Conor here: Thomas Neuburger in the following piece focuses on the scourge of lobbyists in DC. Zoom out a little, and I think what he’s getting at is the two-tiered justice system for the economic elite and the rest of us. Powerful lobbyists crafting legislation that benefit the ruling class seems to me a symptom of the wider problem of an entire social system geared around exploitation and the worship of money. And with capital prioritized over all else, we’re getting radical change (albeit not the type Neuburger calls for) with increasingly undemocratic systems everywhere—from the workplace to the university to all levels of government.
One silver lining to the Trump Accelerationists moving fast and breaking things is that when the deregulated casino crashes and burns, it might leave a small opening for the type of radical change Neuburger is calling for—and preferably a lot more than just getting rid of lobbyists— as long as people don’t get hoodwinked by “hope and change” again.
By Thomas Neuburger.

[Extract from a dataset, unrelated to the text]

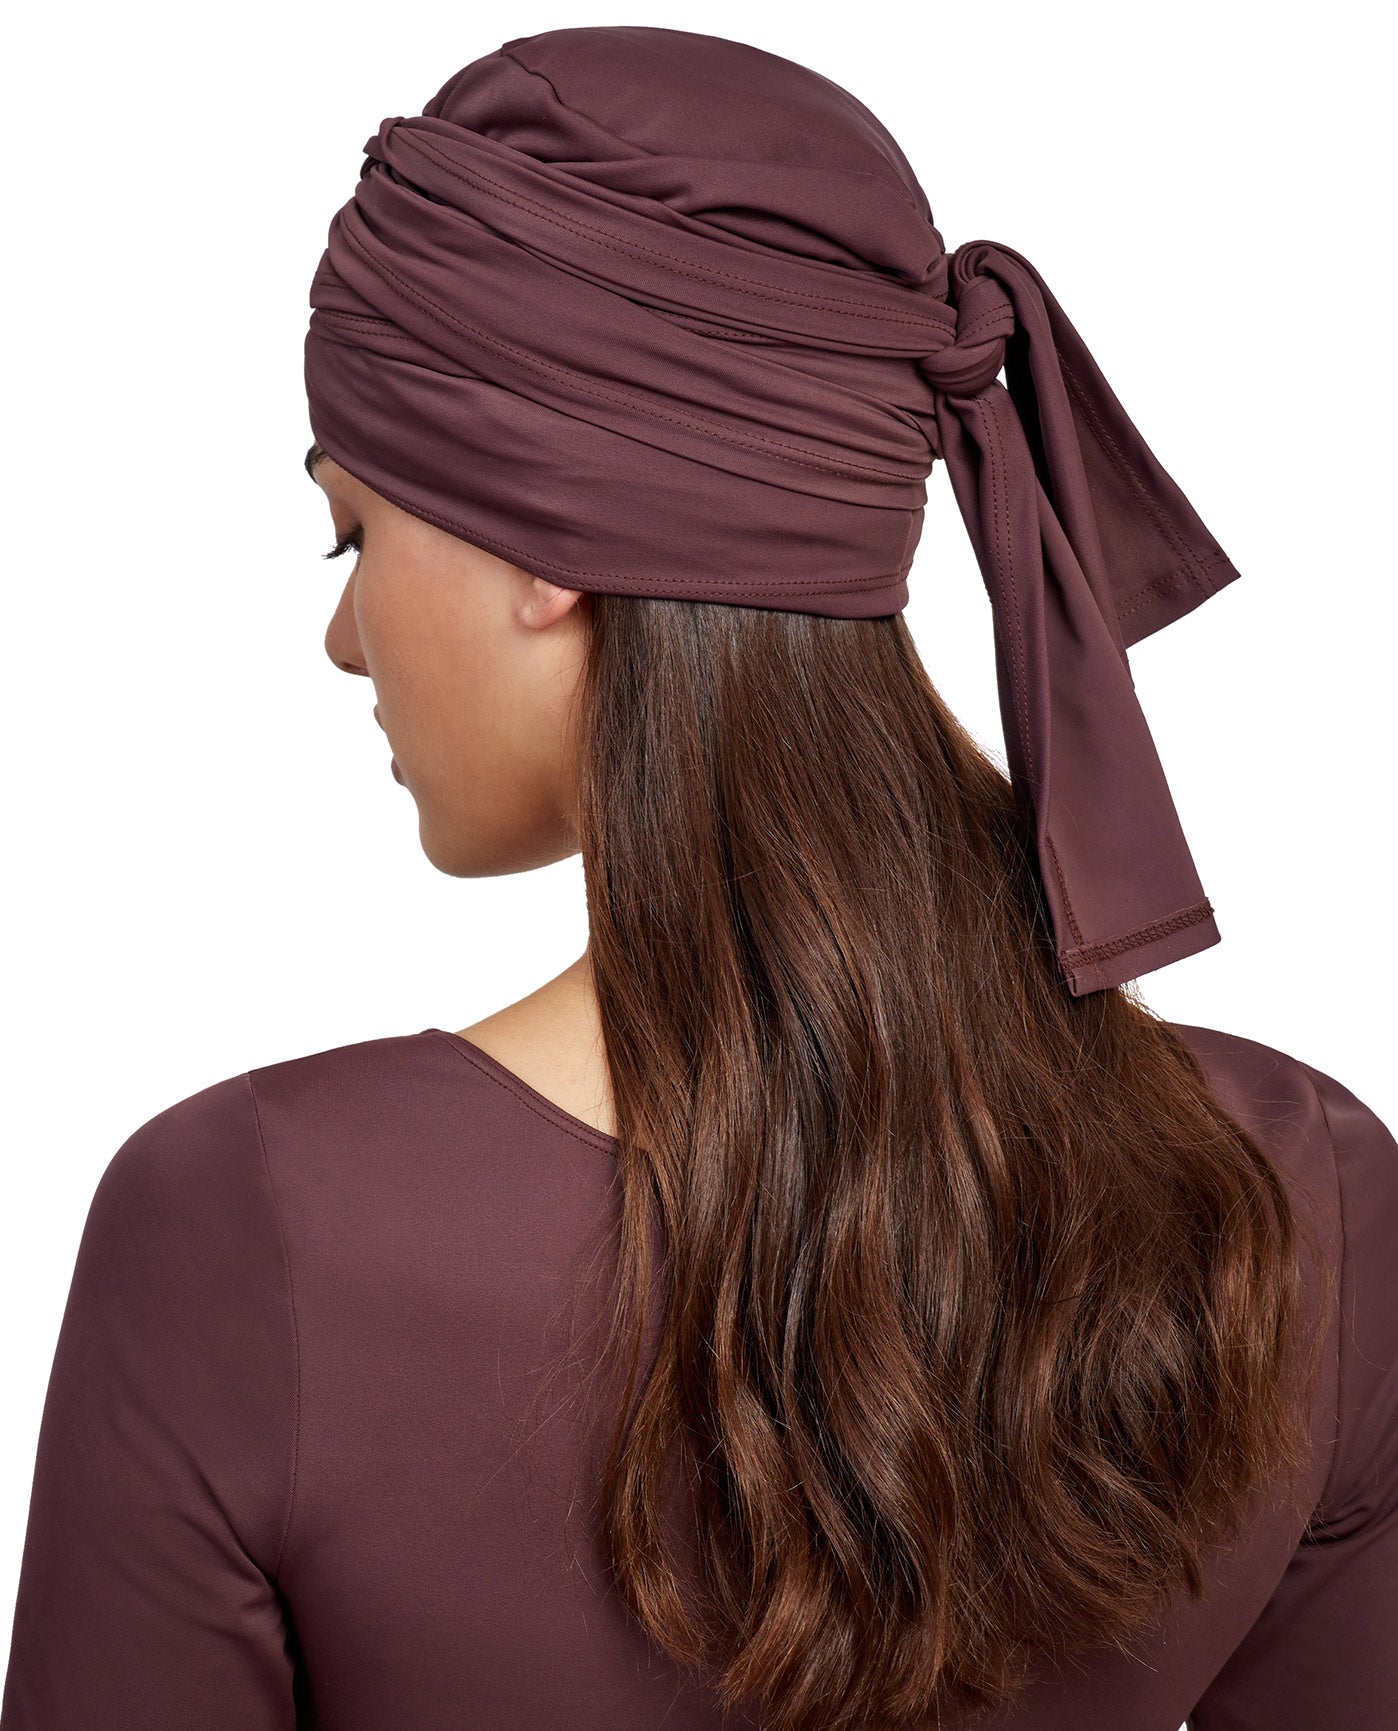 Back View Of Gottex Modest Hair Covering With Tie | GOTTEX MODEST BROWN

Originally published at God’s Spies.
Today is throwback day. On the theme of amending the Constitution without passing amendments, I offer the piece below. I wrote it in 2015, when the world was young and Russians were not irredeemably evil (see Mission: Impossible — Ghost Protocol or X Men: First Class), and Sanders, we thought, might do what Obama wouldn’t.
It leans on a Time magazine piece by Gary Hart, a Democratic politician to the left of 1980s centrists. Hart ran for president in the 1988 contest but was felled by a scandal involving an affair. (The not-so-young may recall Donna Rice. By the way, it looks like Hart was set up, by no less than the infamous Lee Atwater. See this account of an Atwater deathbed confession involving Hart.) In the piece Hart contends that lobbying has become “the fourth branch of government and uses data from 2014 (updated below).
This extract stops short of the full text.